New Stats on the Health and Business Benefits of Sunday Streets

Sunday Streets on outer Mission Street in the Excelsior last October. Photo: Frank Chan/Flickr
When San Francisco streets are opened up to people for Sunday Streets, the influx of foot traffic brings a host of health and economic benefits to the city’s neighborhoods, according to findings presented by Dr. Susan Zieff, a professor of kinesiology at SF State University, at a Board of Supervisors committee hearing yesterday.
Zieff and her team surveyed 600 Sunday Streets participants at events 2010 and 2011, collecting data that makes a strong case for investing in open streets events. One of the data points we reported in late 2011, for instance, is that every dollar spent on running Sunday Streets yields an estimated savings of $2.32 in medical costs.
The studies “have been really invaluable to us,” said Tom Radulovich, executive director of Livable City, which organizes Sunday Streets with help from city agencies.
The top reason people come to Sunday Streets, said Zieff, is to enjoy the city’s streets in a way that’s impossible at nearly any other time, when the space is primarily reserved for traffic and parking.
“Over and over again, people talk about being able to walk down the middle of the street with their families, do physical activity in a safe environment, not to worry about vehicle traffic, and generally be around people who are having a good time,” said Zieff.

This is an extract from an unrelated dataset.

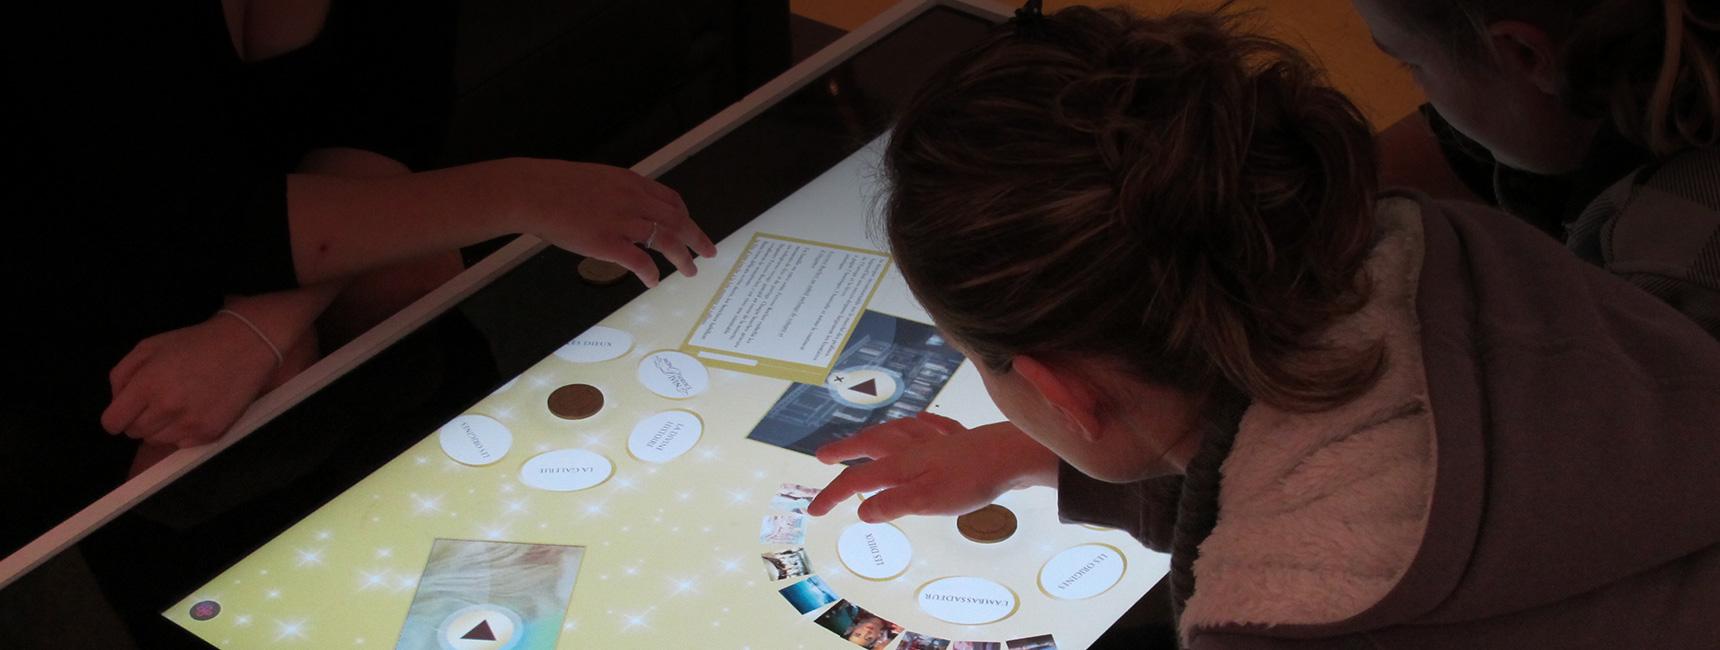 Immersion virtuelle avec Ferrero - Keemia Shopper Marketing - Agence d'activation shopper marketing phygitale
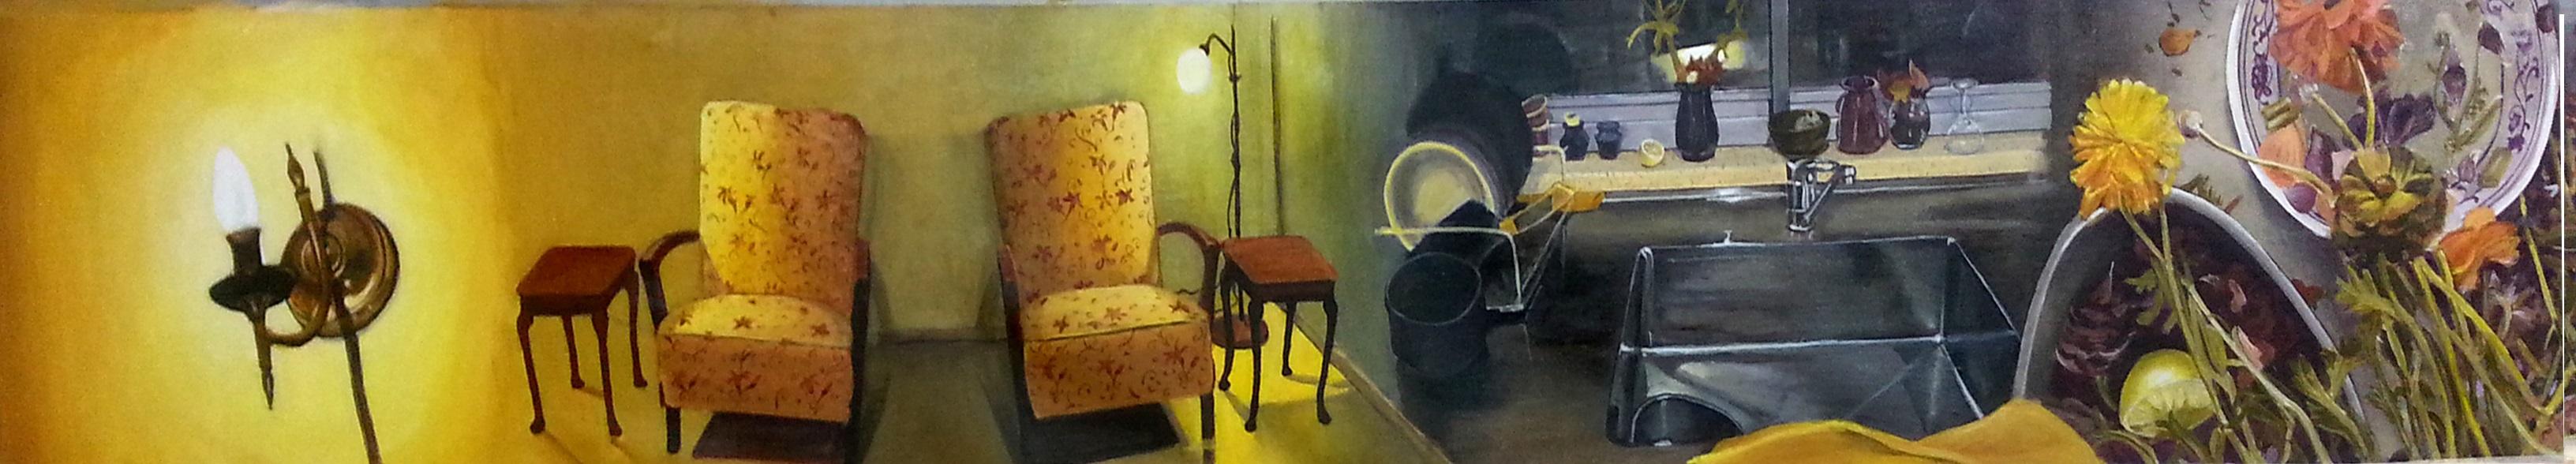 dvora morag,Color Separation-Yellow, 2014, acrylic on canvas,0.335x2

In Zieff’s survey, 51 percent of participants reported coming from outside the neighborhood, and the average participant traveled 3.25 miles, round trip, to the event. Among those who had attended Sunday Streets more than once, 25 percent reported an overall increase in physical activity since they began participating in the events. And, Zieff noted, the ethnic demographics at Sunday Streets are generally representative of the city as a whole, meaning the events appear to be effective at increasing physical activity among African-American and Latino residents, who tend to suffer the highest rates of cardiovascular disease.